=== WHAT THE TASK ASKS ===
The entries below contain a line with "Elementary school building" and a line with "Kuva 1. Suomen". Retype exactly everything from the first down to the second, both included, and nothing else.

=== DATASET ===
--------------------------------------------------

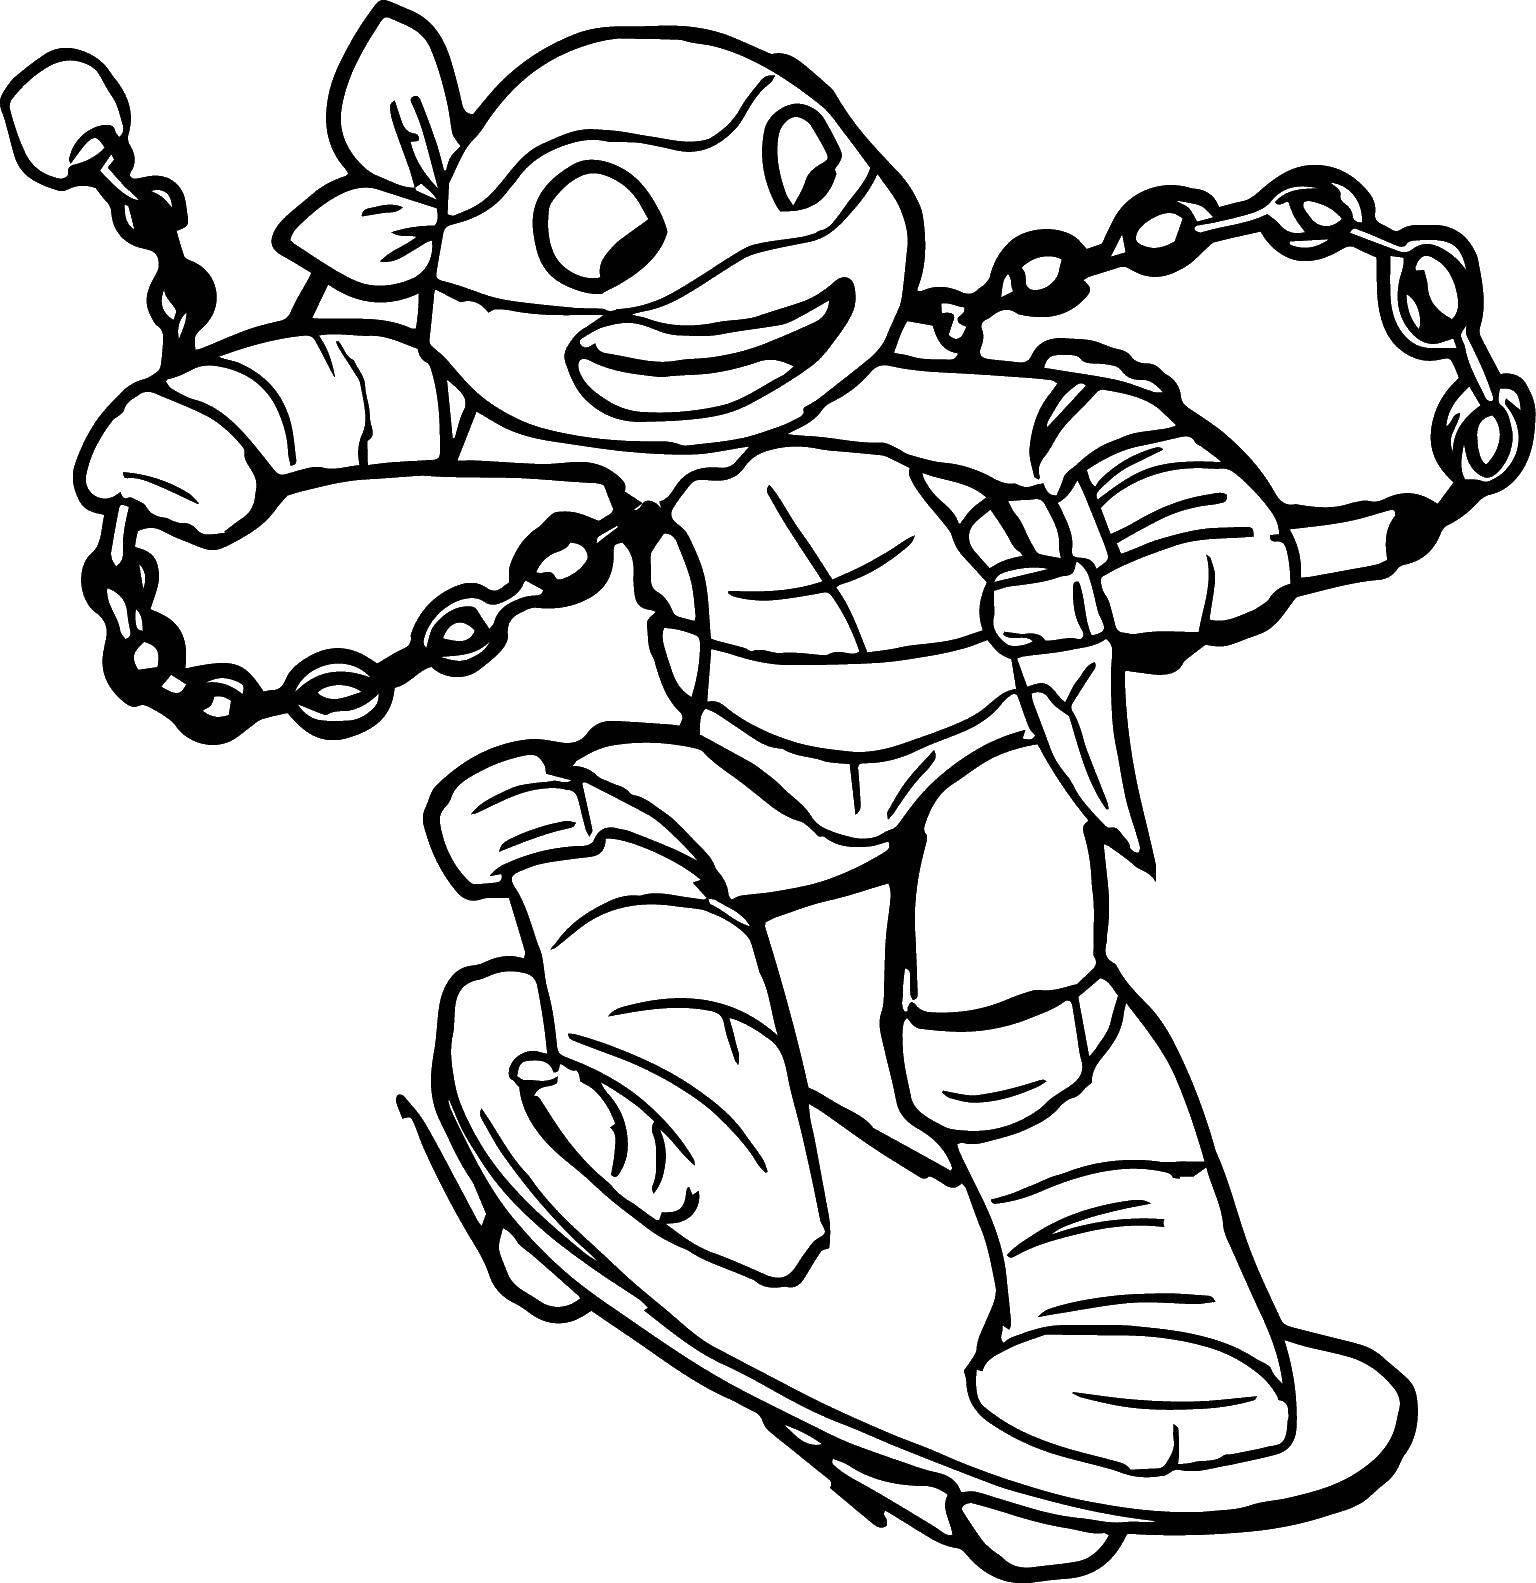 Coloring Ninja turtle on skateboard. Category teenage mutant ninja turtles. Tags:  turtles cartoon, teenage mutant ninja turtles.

--------------------------------------------------

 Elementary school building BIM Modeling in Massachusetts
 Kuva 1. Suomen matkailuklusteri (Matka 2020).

--------------------------------------------------

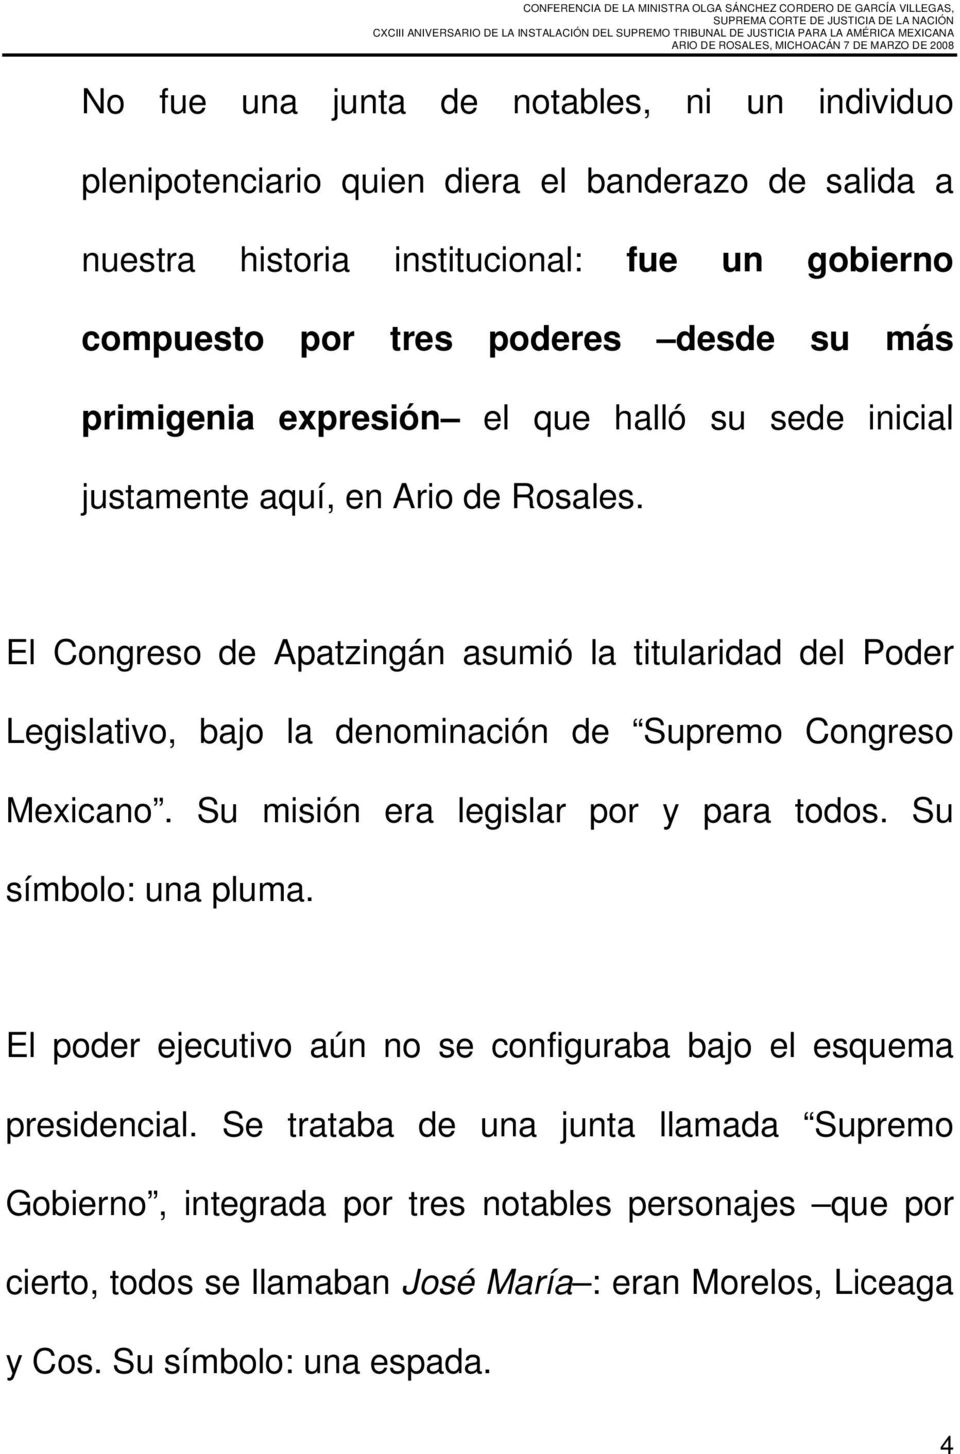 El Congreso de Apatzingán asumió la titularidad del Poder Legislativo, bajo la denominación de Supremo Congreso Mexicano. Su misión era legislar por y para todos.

--------------------------------------------------

=== TASK RESPONSE ===
 Elementary school building BIM Modeling in Massachusetts
 Kuva 1. Suomen matkailuklusteri (Matka 2020).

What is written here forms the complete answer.